Virgin Australia will acquire Perth-based Skywest for an estimated $47 million and transform the airline into its regional arm, following this morning’s approval of the buyout by the Australian Government’s competition watchdog.
The move will see Skywest rebranded as Virgin Australia and take on Qantas’ own regional operation, QantasLink, flying secondary routes including the resources sector and charter services.
In announcing the deal last October, Virgin Australia CEO John Borghetti said it would “enable us to fast-track our advancement in the high growth fly-in-fly out and regional markets, increasing competition in these important segments.”

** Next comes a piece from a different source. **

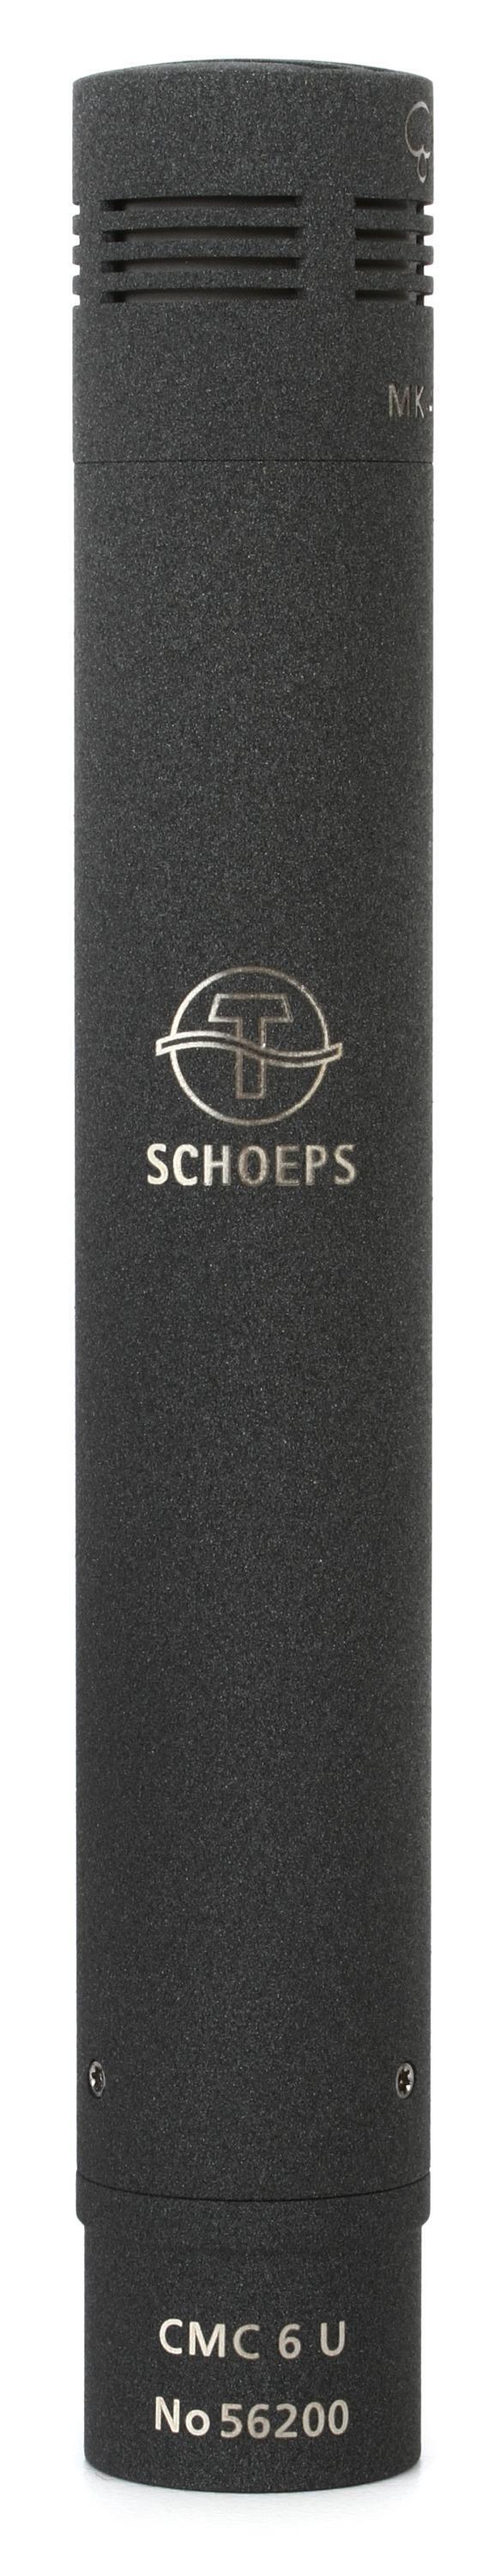 Schoeps Microphone Amplifier CMC 5 | Sweetwater

“We launched a regional partnership with Skywest in October 2011 and now we will be able to realise the full potential of the operation through developing a more integrated network, service and frequent flyer program,” Borghetti explained.
Borghetti has also set his sights on a controlling 60% stake in Tiger Airways Australia, on which the ACCC will make its call next Thursday, February 7.
If approved, it will complete Borghetti’s triple-play which sees Virgin Australia squaring off against Qantas, The Airline Formerly Known As Skywest taking on QantasLink for regional services, and Tiger Australia sharpening its low-cost claws to attack Jetstar.
Borghetti wants to invest “up to $62.5 million” to allow Tiger Australia to boost its fleet from the current 11 aircraft to 35 by 2018, although he remains adamant that Tiger “will be run as a separate business with a separate board… it will not be polluted in any form of distraction and will remain true to the from the low-cost carrier concept.”
Borghetti also stressed that that Virgin and Tiger will not codeshare flights, saying “we have to make distinct separation in marketing, and manage consumer expectations on what they’re booking.”